* INPUT DATA *
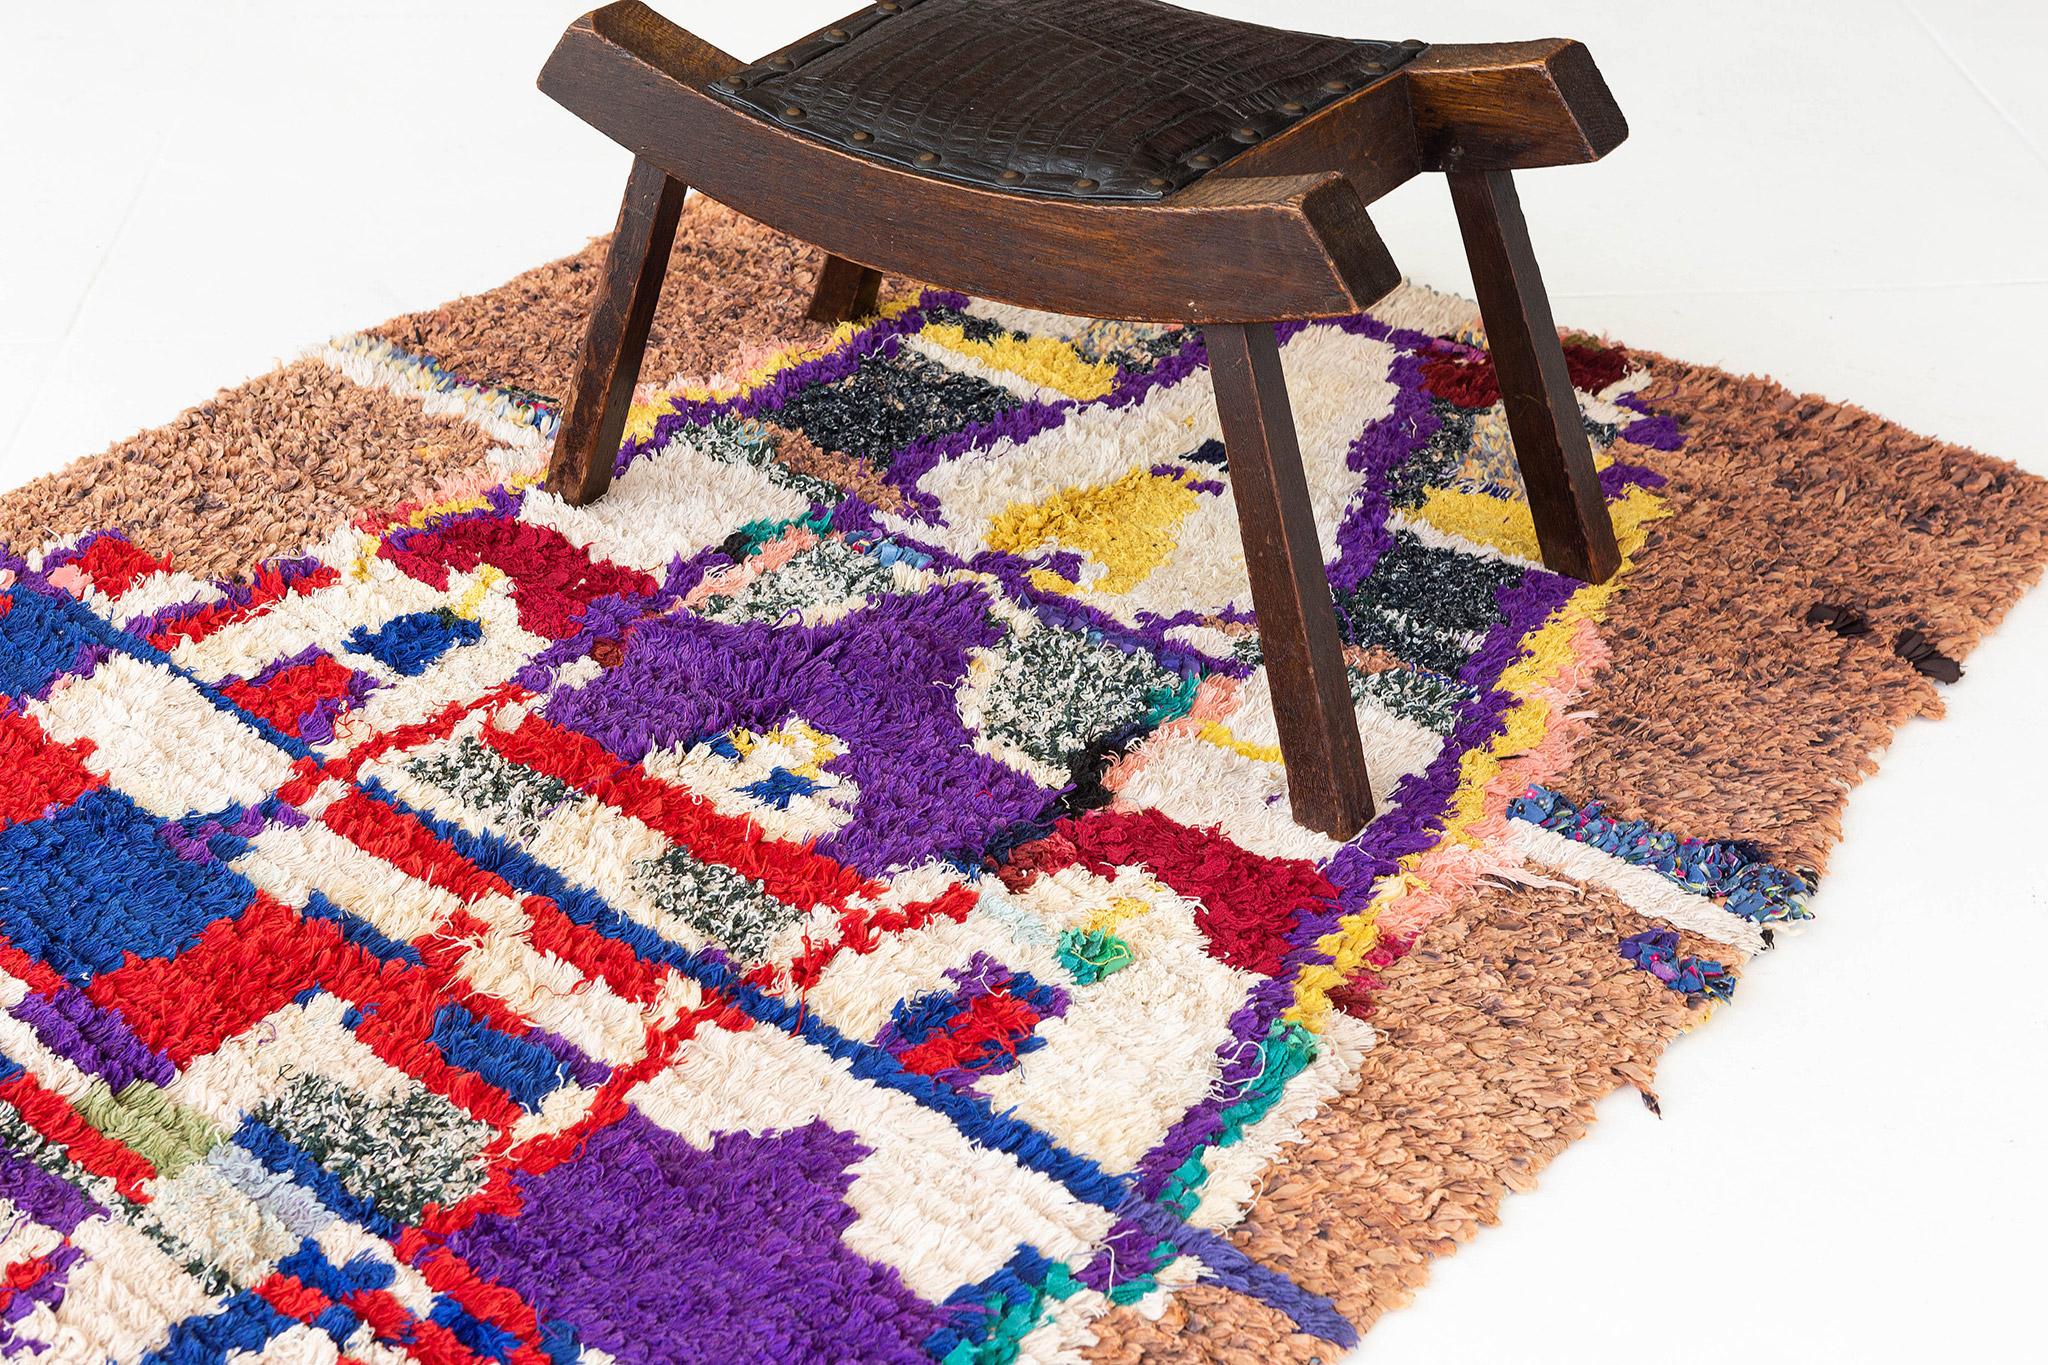 A rug like a painting! A white shape area seems to emerge from a ground plane at the bottom of the rugwith . It is filled with multi-colored shape elements of purple, red, blue and yellow. A variegated brown and clay-colored field suggests
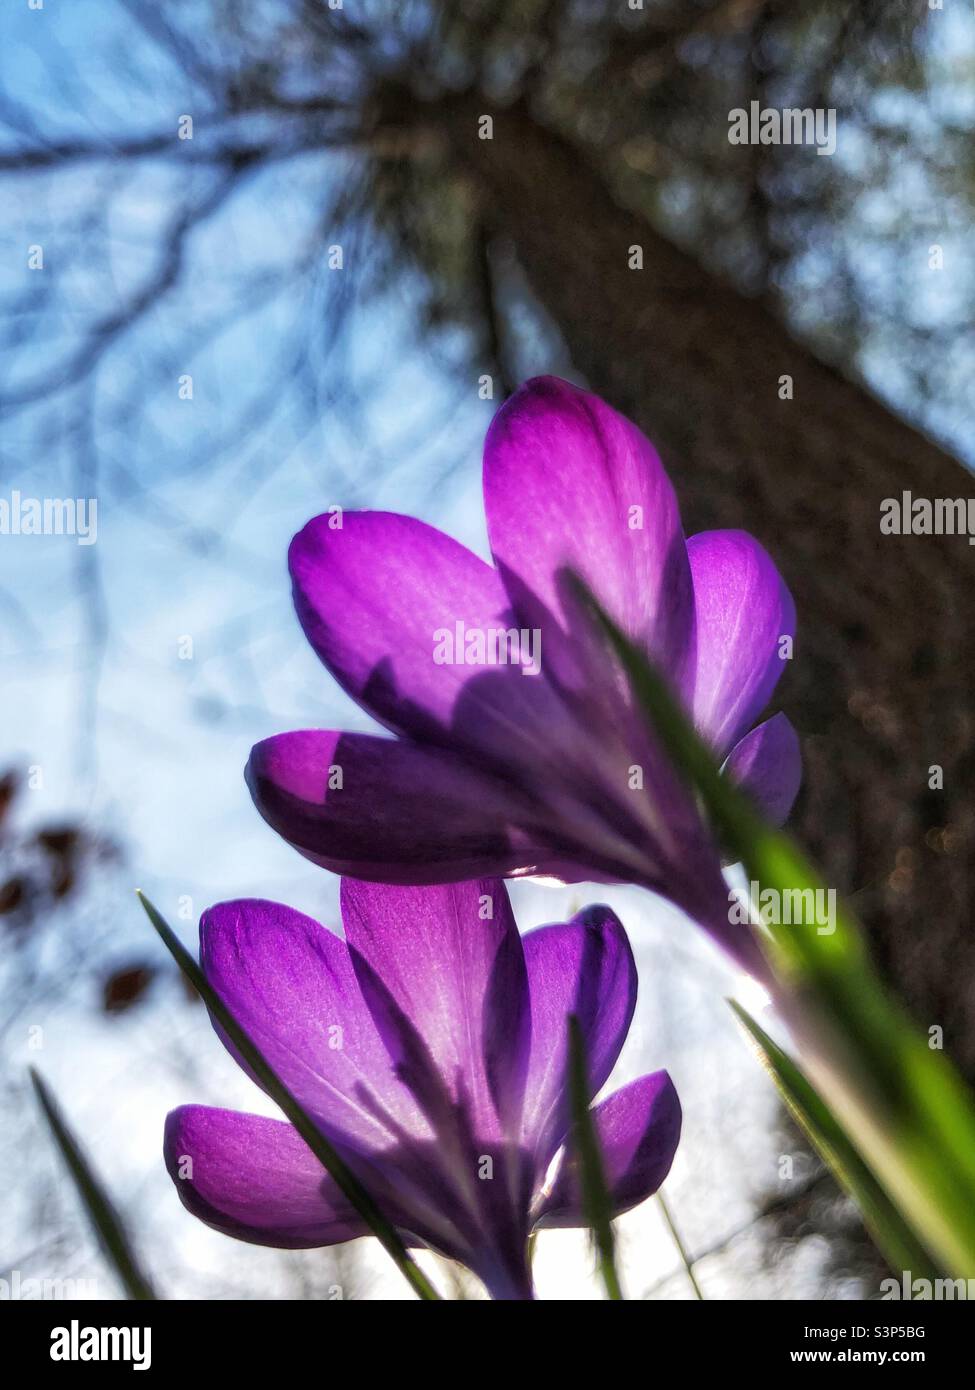 Ethereal photo of translucent purple crocus blossoms from underside looking upwards Stock Photo
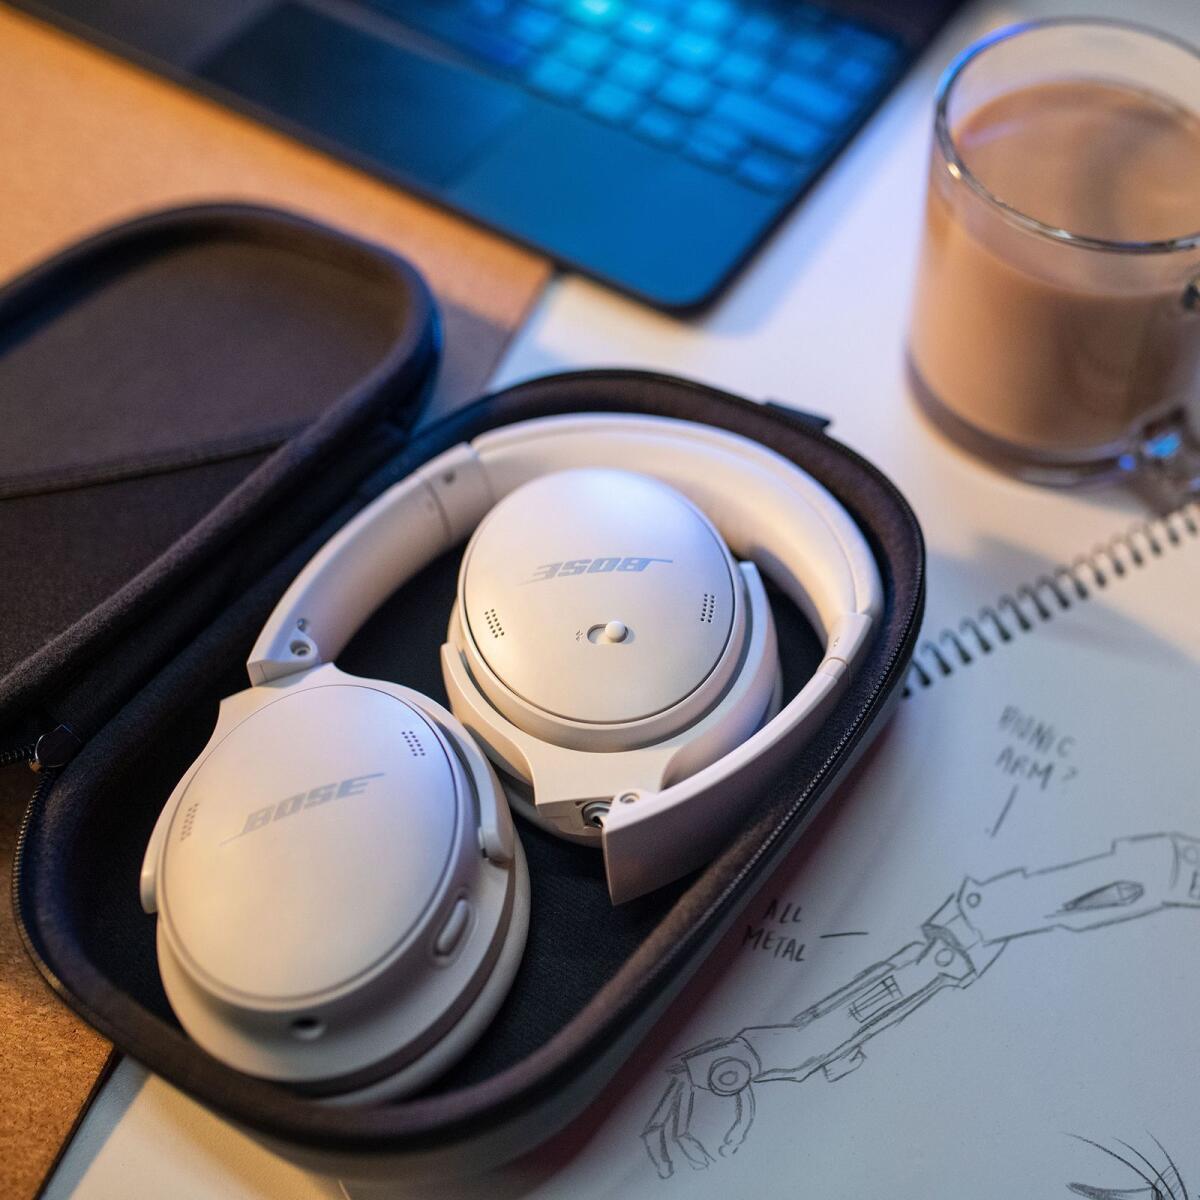 The foldable design of the Bose QuietComfort 45 allows for easy storage in your bag or carry-on luggage, and the lightweight build ensures they won't weigh you down during your travels.

* WORK INSTRUCTION *
An exact copy of the listing is required, with every image removed.

* WRITTEN RESPONSE *
 A rug like a painting! A white shape area seems to emerge from a ground plane at the bottom of the rugwith . It is filled with multi-colored shape elements of purple, red, blue and yellow. A variegated brown and clay-colored field suggests
 Ethereal photo of translucent purple crocus blossoms from underside looking upwards Stock Photo
 The foldable design of the Bose QuietComfort 45 allows for easy storage in your bag or carry-on luggage, and the lightweight build ensures they won't weigh you down during your travels.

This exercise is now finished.